Diagnosis combines blood sugar, electrolytes, cortisol, ACTH, renin-aldosterone axis findings, clinical presentation, and family history during acute episodes. Genetic testing for NR0B1 and other genes can help clarify subtype and family risk. Physicians also need to rule out other causes of primary adrenal insufficiency and congenital adrenal hyperplasia.

Treatment

Long-term management typically includes hormone replacement under endocrinology specialist guidance, stress-dosing plans, emergency instructions, and regular monitoring.

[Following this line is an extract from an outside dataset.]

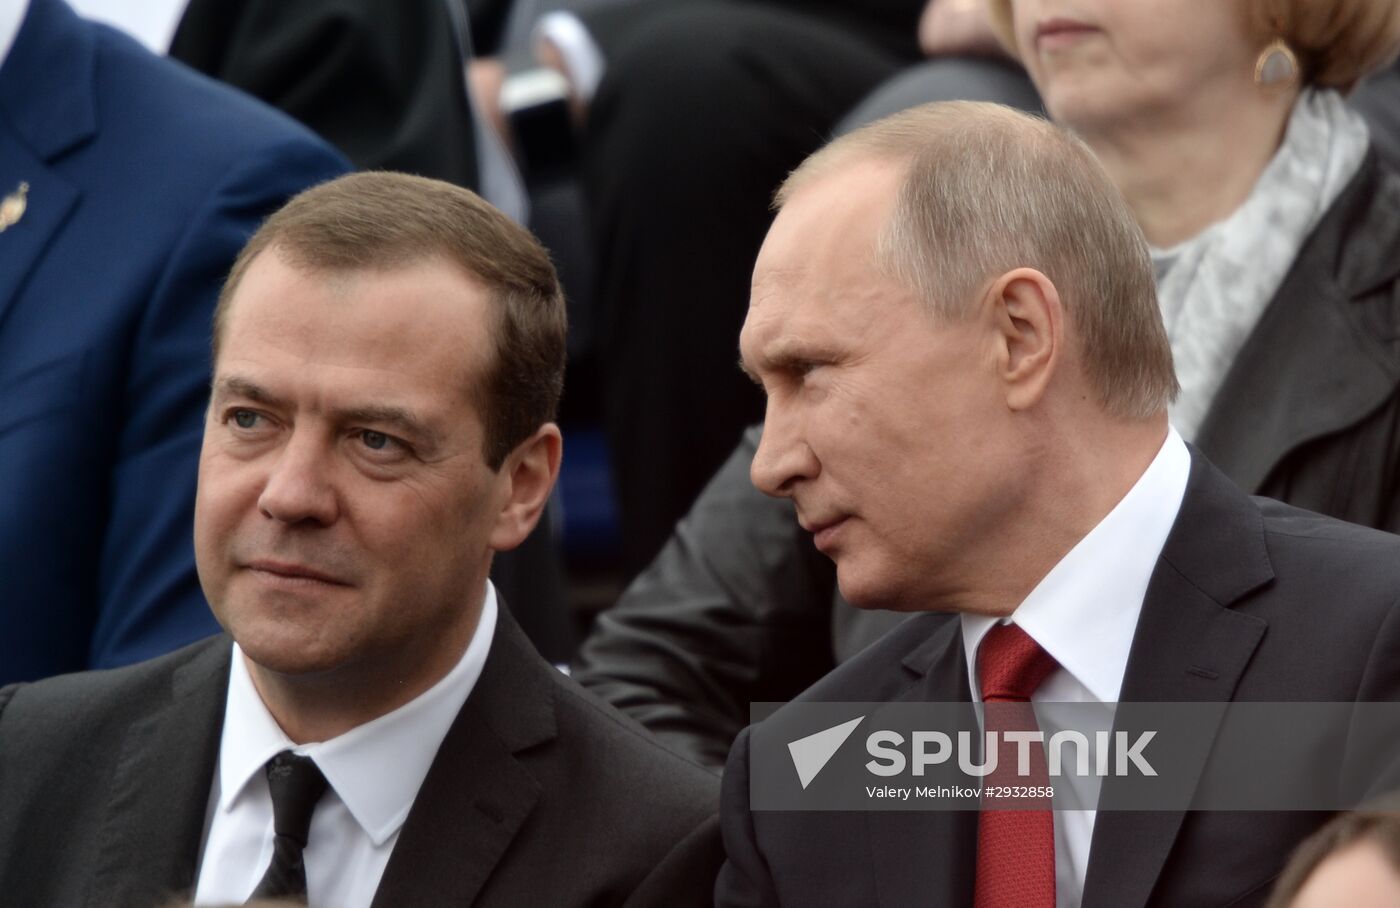 President Vladimir Putin and Prime Minister Dmitry Medvedev at City Day's solemn opening ceremony on Red Square
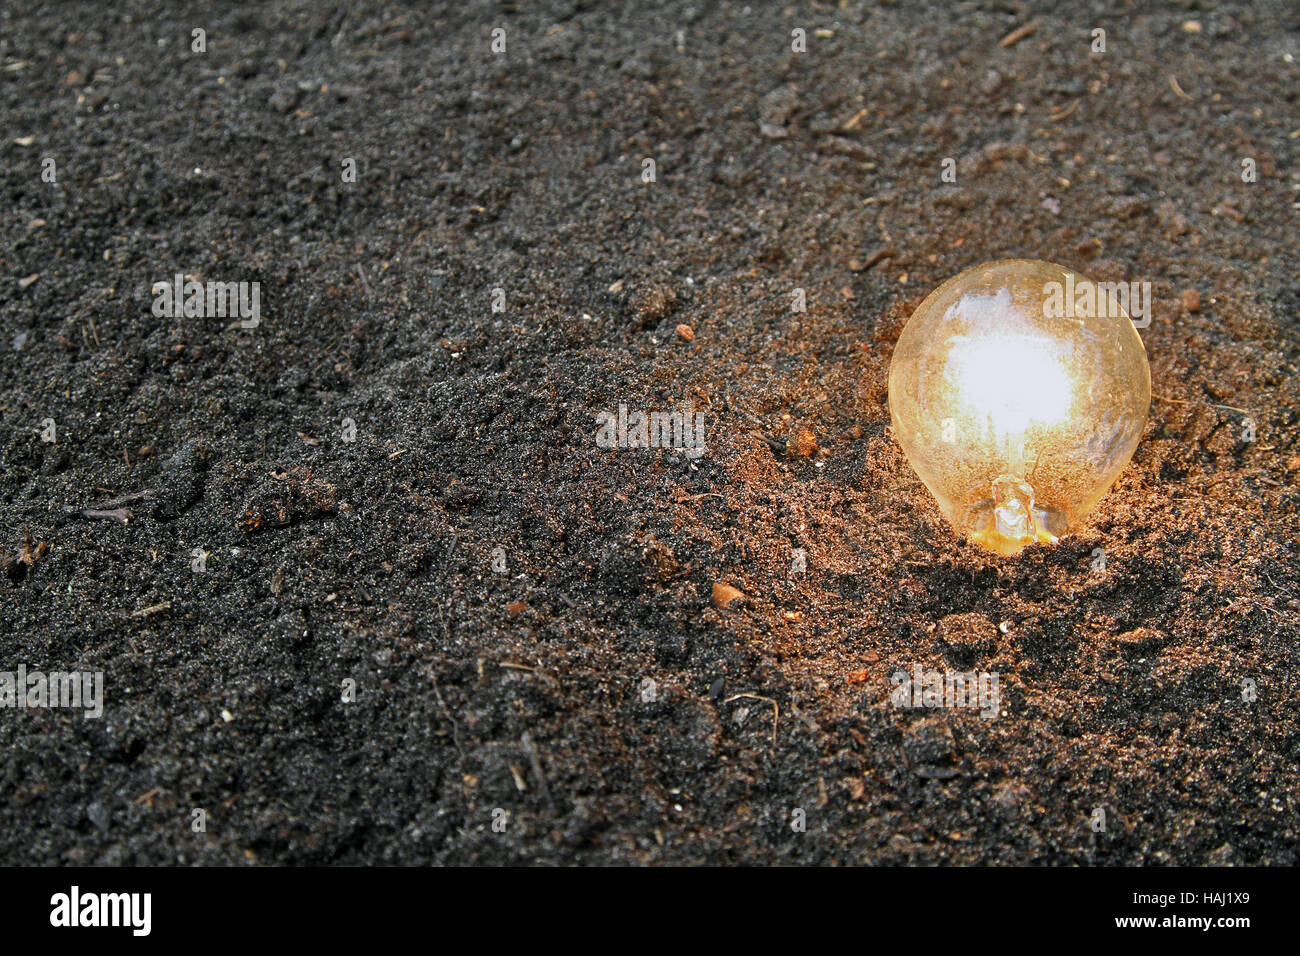 renewable energy - light bulb planted in soil Stock Photo

Doses and adjustments should be determined by your physician based on age, weight, growth, blood pressure, electrolytes, and clinical status—do not change medications based on internet information.

Long-term Care

Follow-up focuses on growth and development, blood pressure, electrolytes, adrenal crisis prevention, puberty and gonadal function, bone health, and family emergency preparedness. Keep diagnosis documents, medication lists, emergency cards, and your physician's contact information accessible. Ensure schools and caregivers know when emergency care is needed.

Fertility and Family

Family members of X-linked cases can learn about carrier testing, male relative screening, prenatal diagnosis, and preimplantation genetic testing options through genetic counseling. Adult male patients may need evaluation of gonadal function and fertility-related concerns.

When to Seek Urgent Care

Severe vomiting with inability to eat, significant dehydration, hypoglycemia, altered consciousness, seizures, low blood pressure, shock, worsening mental status with fever or infection, or feeling unwell after possibly missing key medications—go to the emergency department immediately and report suspected or confirmed adrenal insufficiency.

Prognosis

Early recognition and appropriate replacement therapy can significantly reduce crisis risk; long-term outlook depends on crisis prevention, follow-up care, and management of puberty and gonadal function.